Exercise description -> Every line of the material below should be output exactly as written, with the images skipped.

Supplied information ->
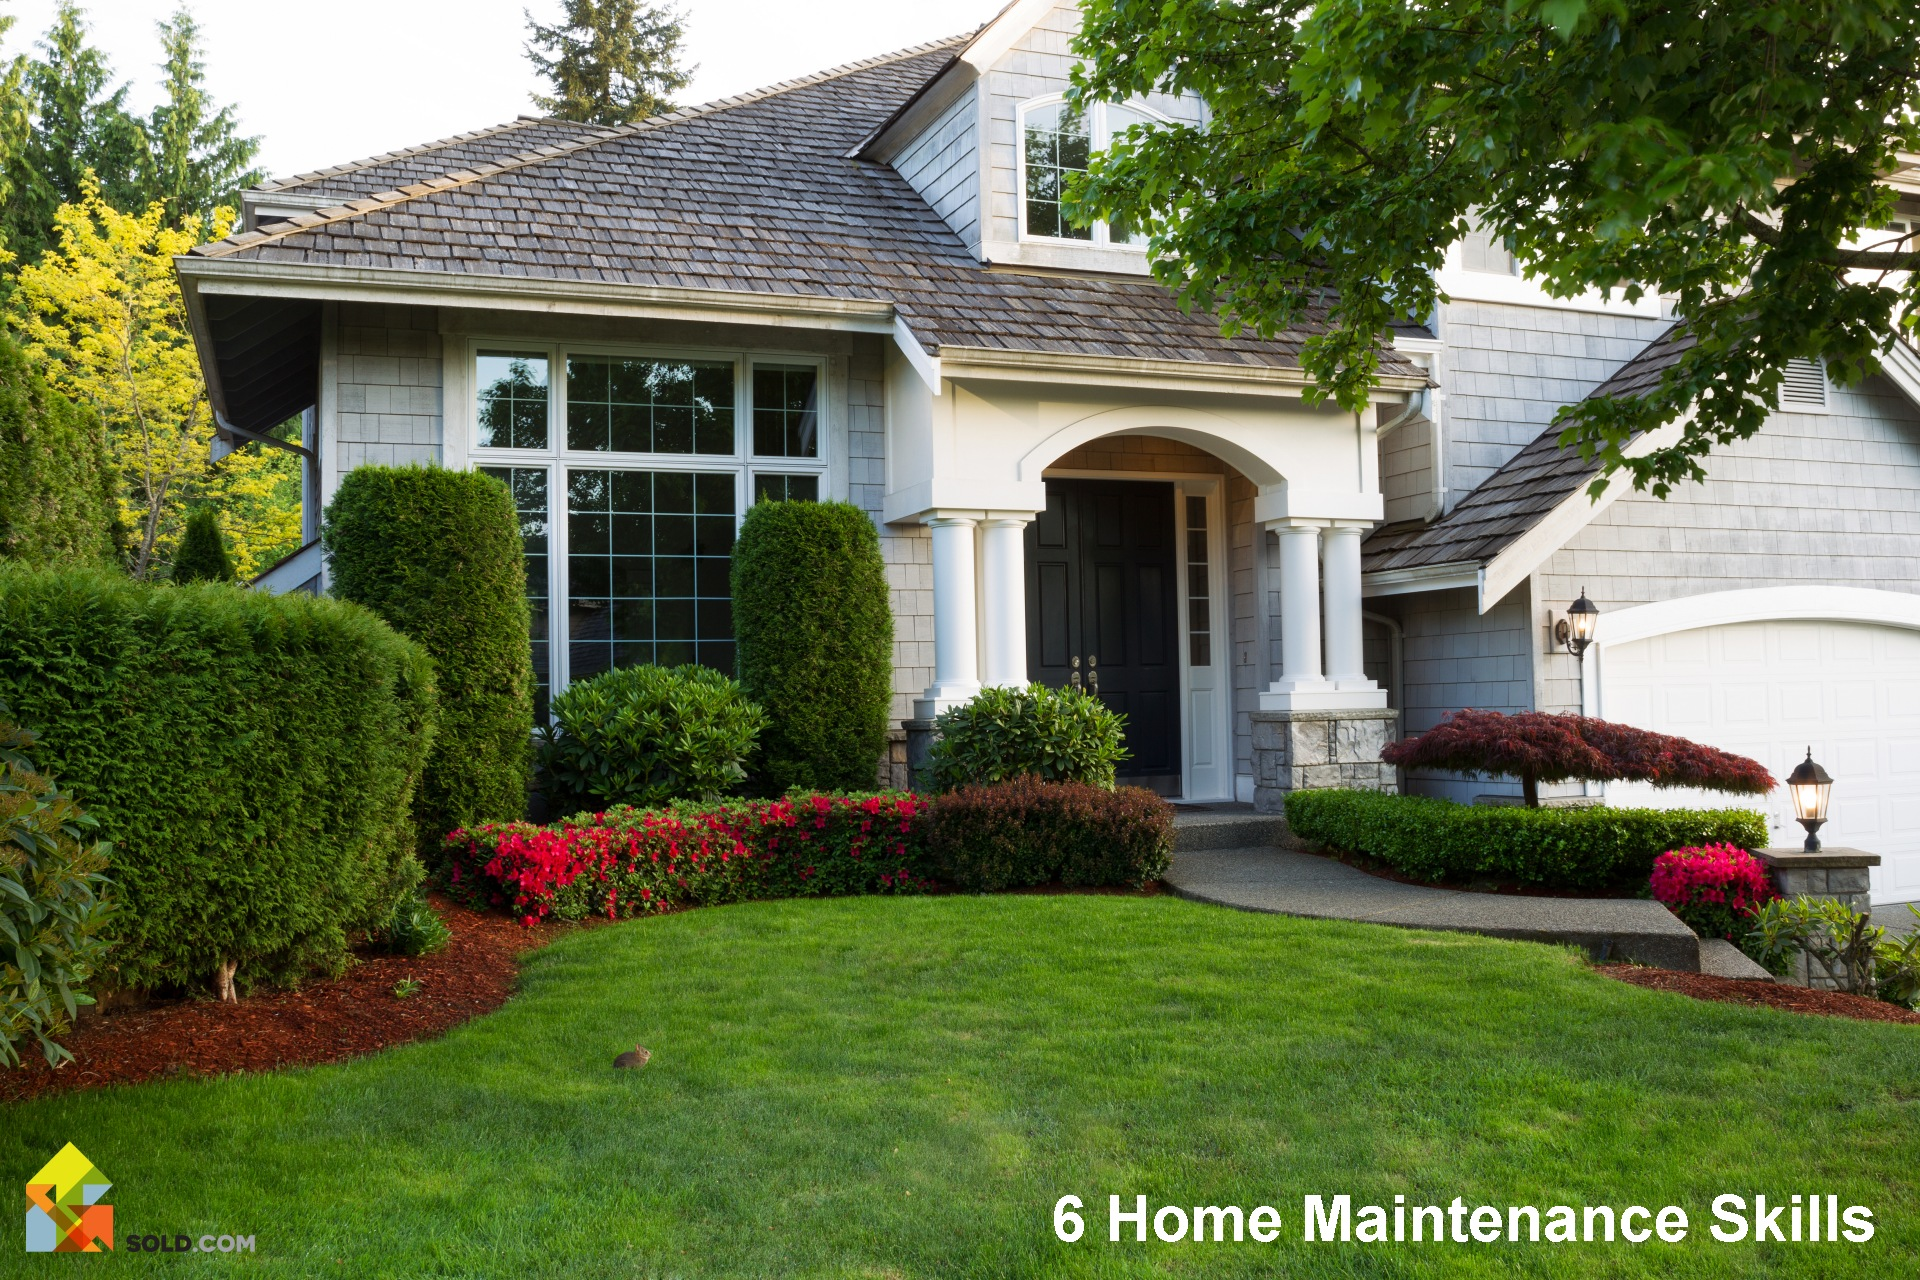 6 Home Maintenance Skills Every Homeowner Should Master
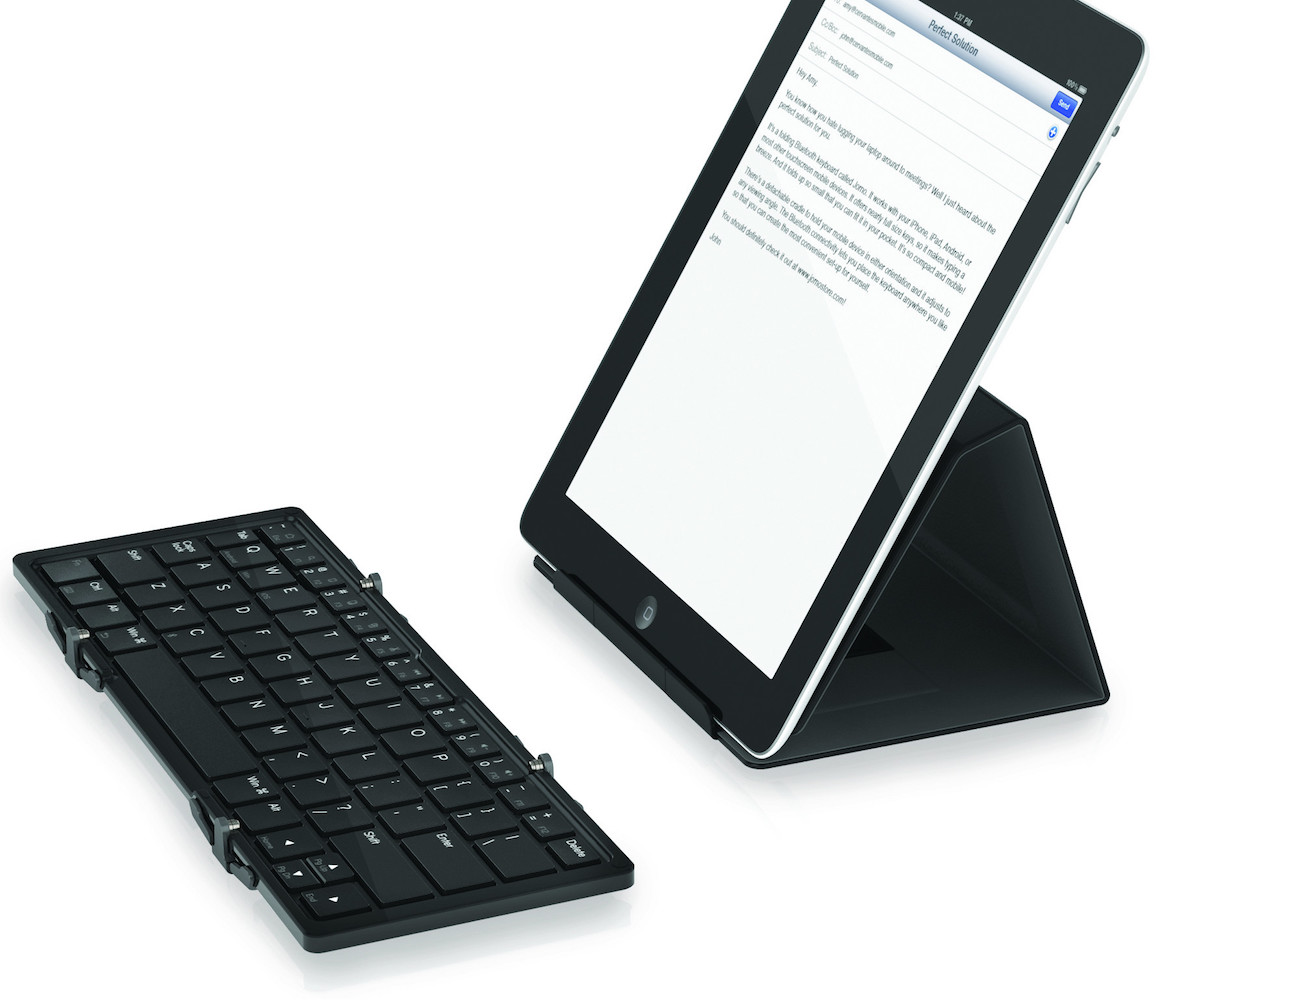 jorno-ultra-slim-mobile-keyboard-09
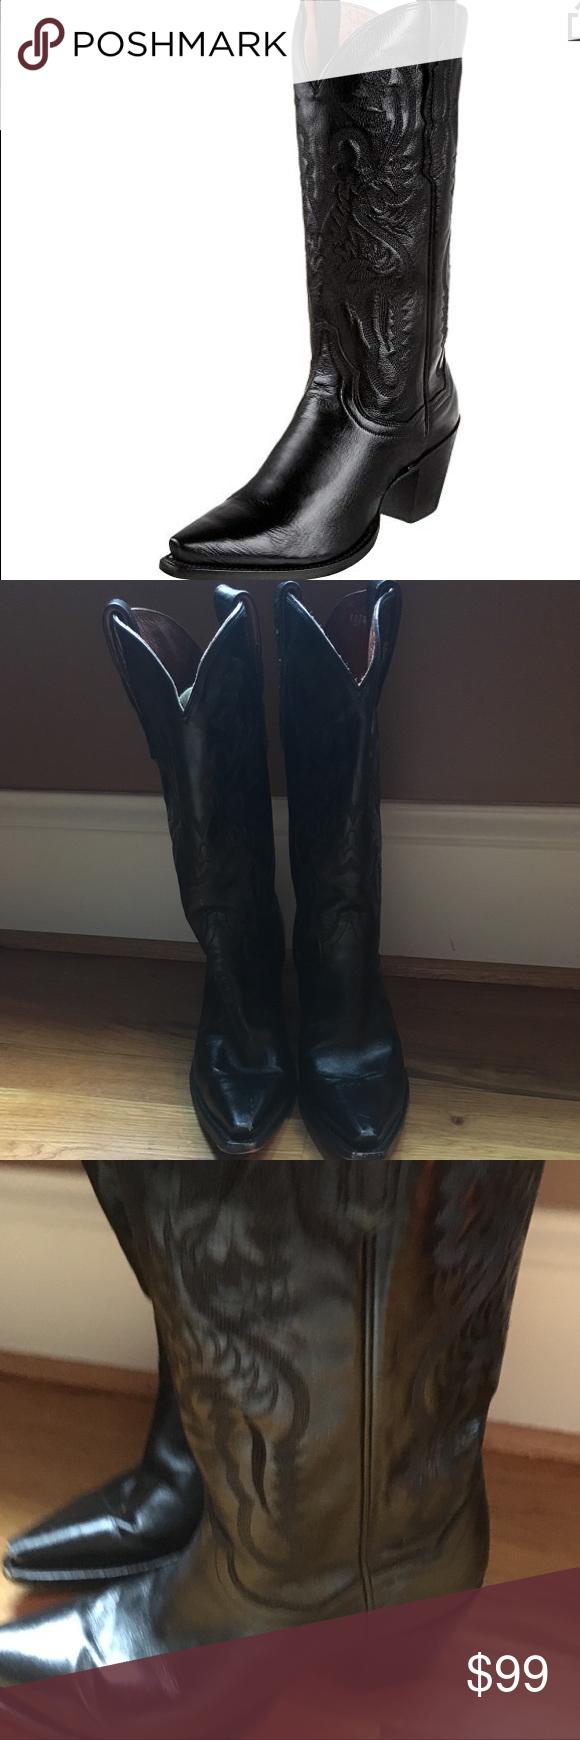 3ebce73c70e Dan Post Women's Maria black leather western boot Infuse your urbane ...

Problem solution ->
 6 Home Maintenance Skills Every Homeowner Should Master
 jorno-ultra-slim-mobile-keyboard-09
 3ebce73c70e Dan Post Women's Maria black leather western boot Infuse your urbane ...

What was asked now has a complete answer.